I just installed my new LED's (all the U/V Blacklight color) that i ordered from superbrightleds.com. Install went pretty easy overall thanks to the forum and ls1gto.com too. I must say, for like $30, this is such a cool mod. I dont have any pictures yet but it feels like i am in a club when i am in the car at night, lol. arty:


----------



## Tacmedic (Feb 24, 2006)

efitzgerald1231 said:


> I just installed my new LED's (all the U/V Blacklight color) that i ordered from superbrightleds.com. Install went pretty easy overall thanks to the forum and ls1gto.com too.

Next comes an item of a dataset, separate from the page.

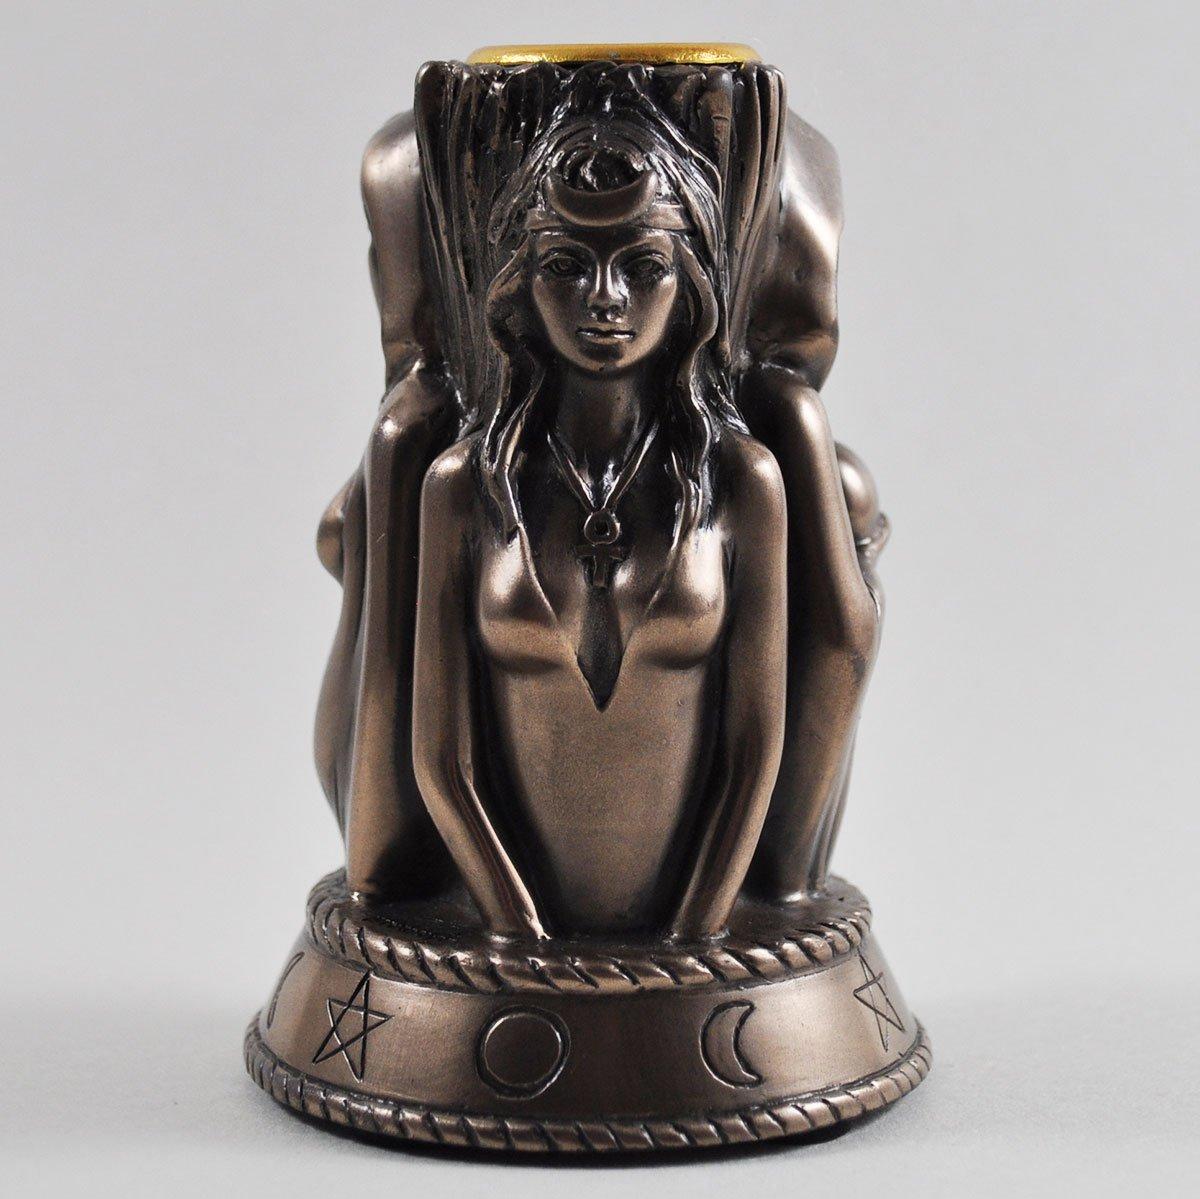 3 Witches Candle Stick Bronze Ornament. H10cm Tina Tarrant Fiesta Studios

I must say, for like $30, this is such a cool mod. I dont have any pictures yet but it feels like i am in a club when i am in the car at night, lol. arty:


What, Like, "Cash Cab"?:lol:


----------



## CYCLONED (Jul 14, 2007)

efitzgerald1231 said:


> I just installed my new LED's (all the U/V Blacklight color) that i ordered from superbrightleds.com. Install went pretty easy overall thanks to the forum and ls1gto.com too. I must say, for like $30, this is such a cool mod. I dont have any pictures yet but it feels like i am in a club when i am in the car at night, lol. arty:


don't you mean in "da club"? Now you just have to get some dubs


----------



## efitzgerald1231 (Apr 26, 2007)

my fault, that it what i meant, and as for the rims, i am thinking of going with something around a 30inch, no dubs for me. :lol: :lol:


----------



## kicks06 (Nov 21, 2007)

*Leds*

Just did all mine in our red/red 06'.....red leds of course.....the reading lamps are really good...
kicks06 
Dallas, Ga.
2006 Red/Red 06', MN6
18" WHEELS



efitzgerald1231 said:


> I just installed my new LED's (all the U/V Blacklight color) that i ordered from superbrightleds.com. Install went pretty easy overall thanks to the forum and ls1gto.com too. I must say, for like $30, this is such a cool mod. I dont have any pictures yet but it feels like i am in a club when i am in the car at night, lol. arty:


----------